The substitution reaction in question between elemental magnesium and hydrochloric acid can be written as:

Mg + HCl --> MgCl + H₂

To balance out the equation, you have to stoichiometrically equate the elements on the left with those on the right. In order to do that, take each group (in this case, there are three: Mg, H, and Cl) and balance their numbers on the left to their numbers on the right:

This is a step-wise process which just requires you to take a step-wise approach.

1. I always start with the first group (in this case, Mg). There is one on the left, and one on the right.

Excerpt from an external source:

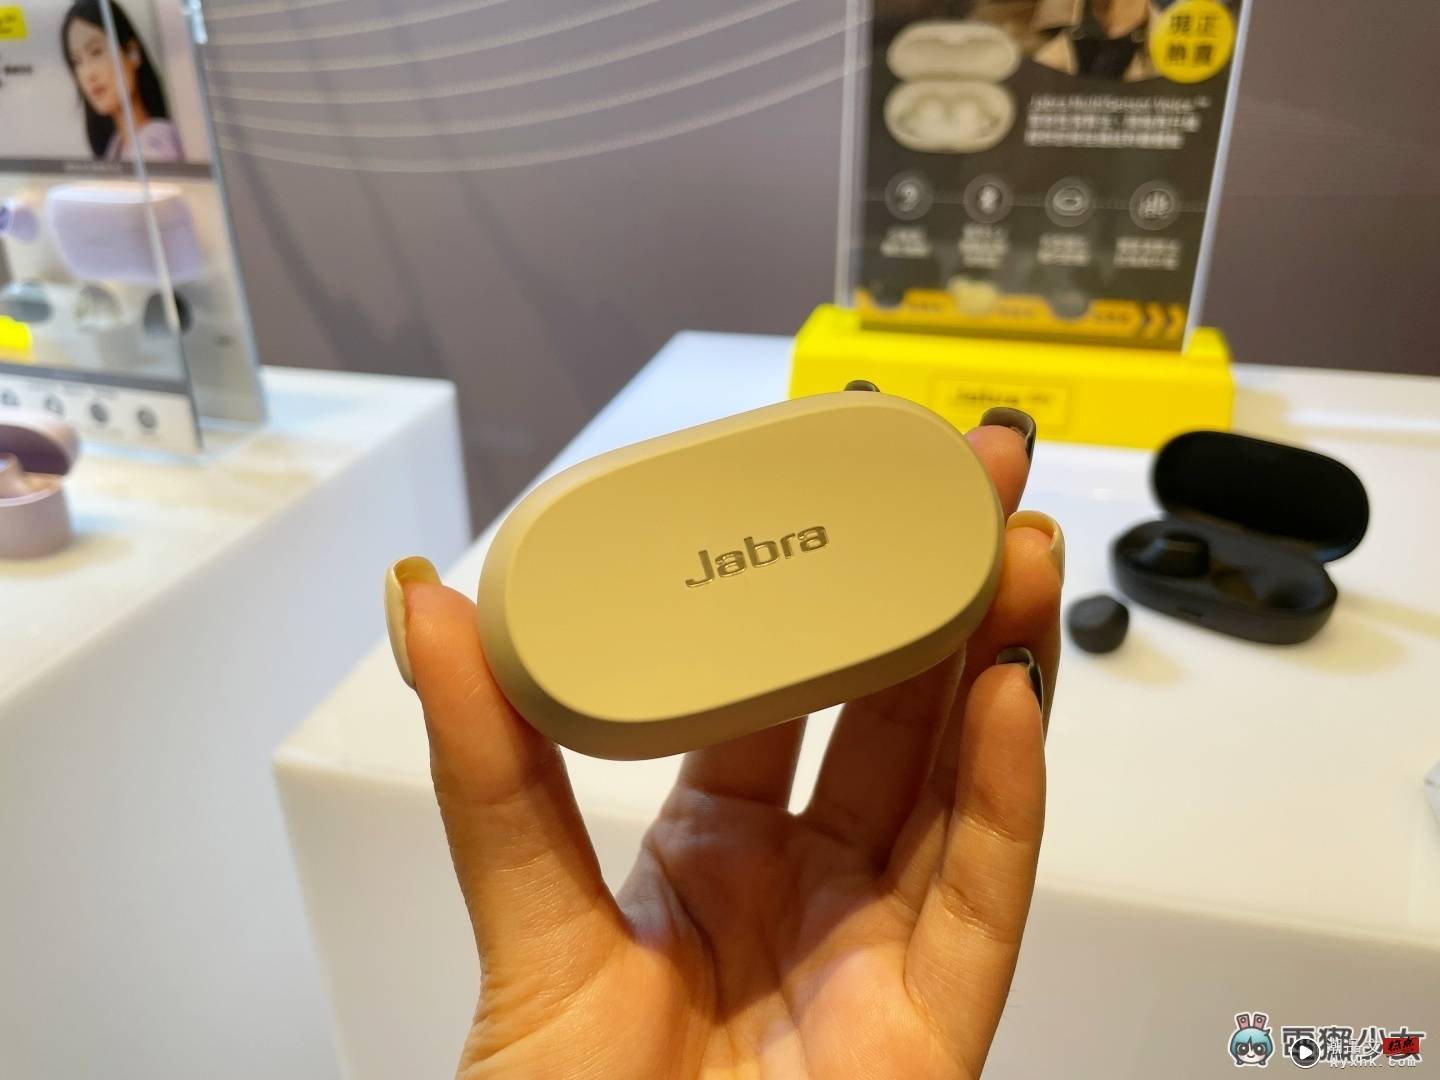 出门｜Jabra 推出两款真无线蓝牙耳机：Elite 7 Pro 主打清晰通话、Elite 7 Active 专用运动用户设计 数码科技 图5张

So we will keep that number as is.
2. Let's take a look at the Hydrogen (H) in HCl next: there is one hydrogen on the left but there are two on the right. Therefore, we will have to add 2 to the original equation, making it:
3. Mg + 2HCl --> MgCl + H₂
4. Now we check the number of chloride ions (Cl) on each side. There are now two Cl ions on the left. So we will have to double the number of MgCl molecules on the right. This turns the equation to:
5. Mg + 2HCl --> 2MgCl + H₂
6. Because we added another Mg ion to the right side, we will have to balance the Mg ions on the left side as well, making the final equation:
7. 2Mg + 2HCl --> 2MgCl + H₂

Now that we have the proportions of each molecule in the reaction, let's focus on the reactants to determine which will be our limiting reagent. We have two reactants, the magnesium and the hydrochloric acid. The question states that there are only 6.6 moles of magnesium but an excess of acid. This means that we will use the amount of Mg to determine the equivalent amount of moles of all the others.

Since this equation shows 2 equivalents of Mg, we can assume that 2 equivalents of Mg equals to 6.6 moles (M). Therefore, one equivalent of any of the reactants or products in the equation is equal to 3.3 M. This makes the final equation (and the answer):

6.6 M Mg + 6.6 M HCl --> 6.6 M MgCl + 3.3 M H₂